When your vet offers you advice on a treatment protocol, or suggests a diagnostic tool or course of action it is wise to heed the input that you have paid the professional in front of you to provide. In some cases you may wish to seek a second opinion from a veterinary specialist in a specific field and this is perfectly accepted practice.
Dollars Count
Don’t be afraid to explain to your vet if you are electing to take a suggested course of action for treatment based on your inability to fund a more costly route. Your vet can often refer you to equine medical loan programs, and may even offer to give you terms to pay down a costly bill at a rate you can afford. Be aware that loans can have balloon payments, high interest rates and prepayment blocks. Always shop the marketplace and read the full loan agreement carefully.
It is imperative that you pay your vet bill on time unless other arrangements have been agreed. A vet has bills to pay too and running a veterinary practice is an expensive business. Time spent chasing down account receivables could be much better employed taking care of patient’s needs in other areas.
If you have a billing dispute, then bring it to the attention of the vet right away. Be professional and polite when you offer your viewpoint and explanation. A vet should always leave you a detailed note of what tasks were undertaken and prescriptions or products supplied during their visit. Good record keeping on your part will facilitate a positive method of resolving any billing dispute. Human error happens in account billing as in any other arena.
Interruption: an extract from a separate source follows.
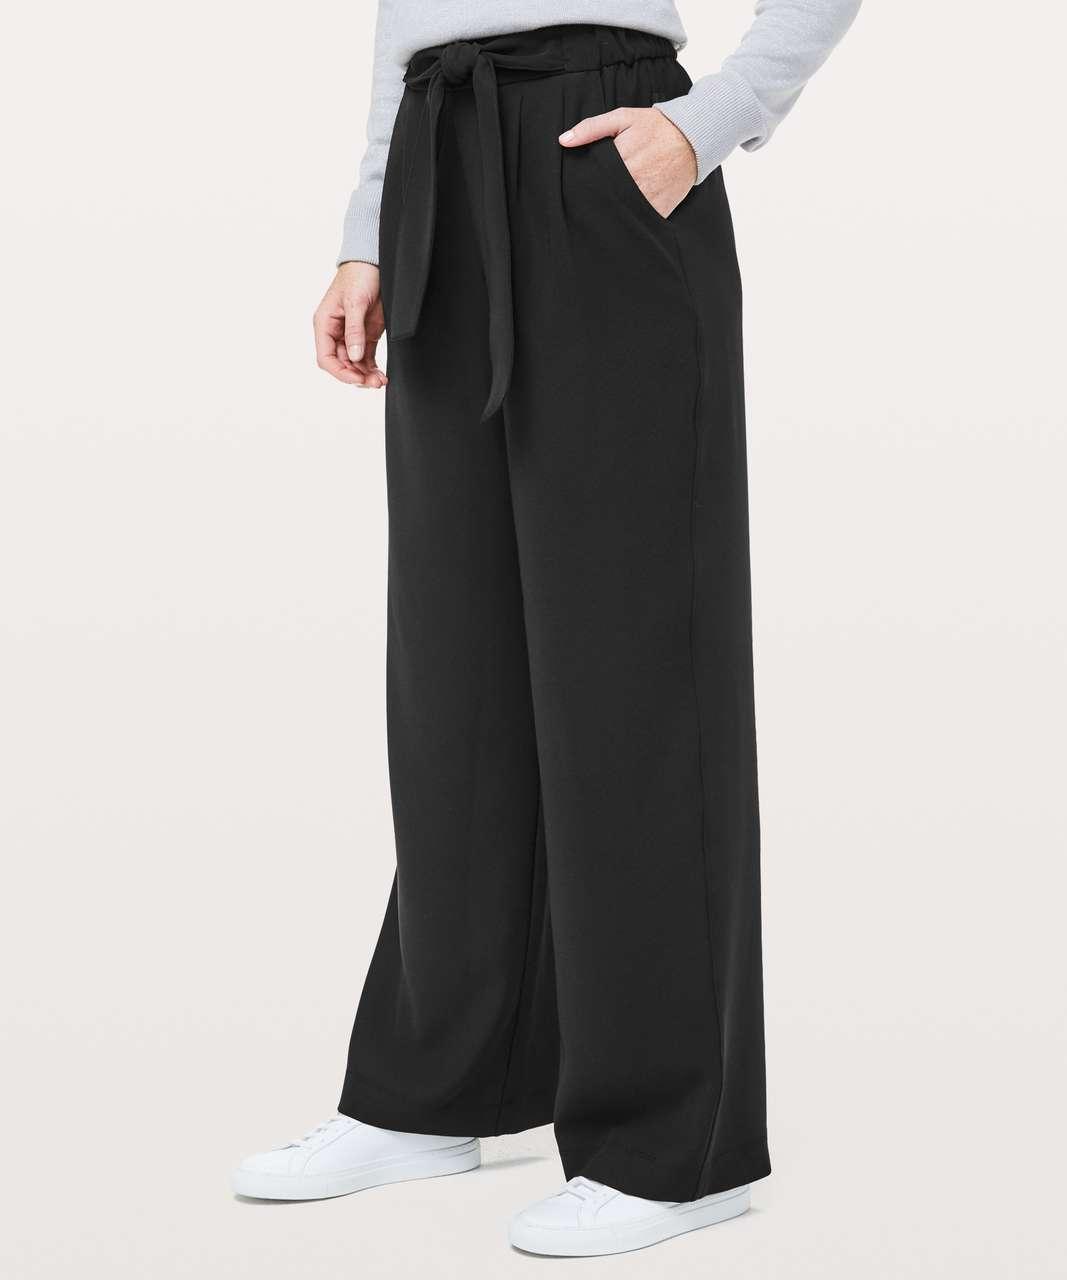 fa71101b2174f Lululemon Noir Pant *Woven - Black - lulu fanatics

Don’t take it personally.
Saving Money
Many vet practices offer Spring and Fall discounts for routine maintenance horse health care such as teeth floating, vaccinations, Coggins tests etc. on select dates in their ambulatory service area.
You may also be able to take your horse into the vet’s clinic facility for evaluation and treatment, which can save you the barn call altogether. Many vets offer services such as castration days, stallion and mare breeding evaluation days, where examinations and minor surgeries can be completed on an outpatient basis. As this saves the vet much time driving around the countryside and consolidates their earning potential in a set period, the rates for services at clinic visits are often cheaper than visits to your farm.
If you are boarding your horse at a barn with a number of other horse owners, the barn owner can save everyone money by organizing set dates for vet visits for routine care and barn call fees are often waived by the vet or may be split across all the participating horse owners.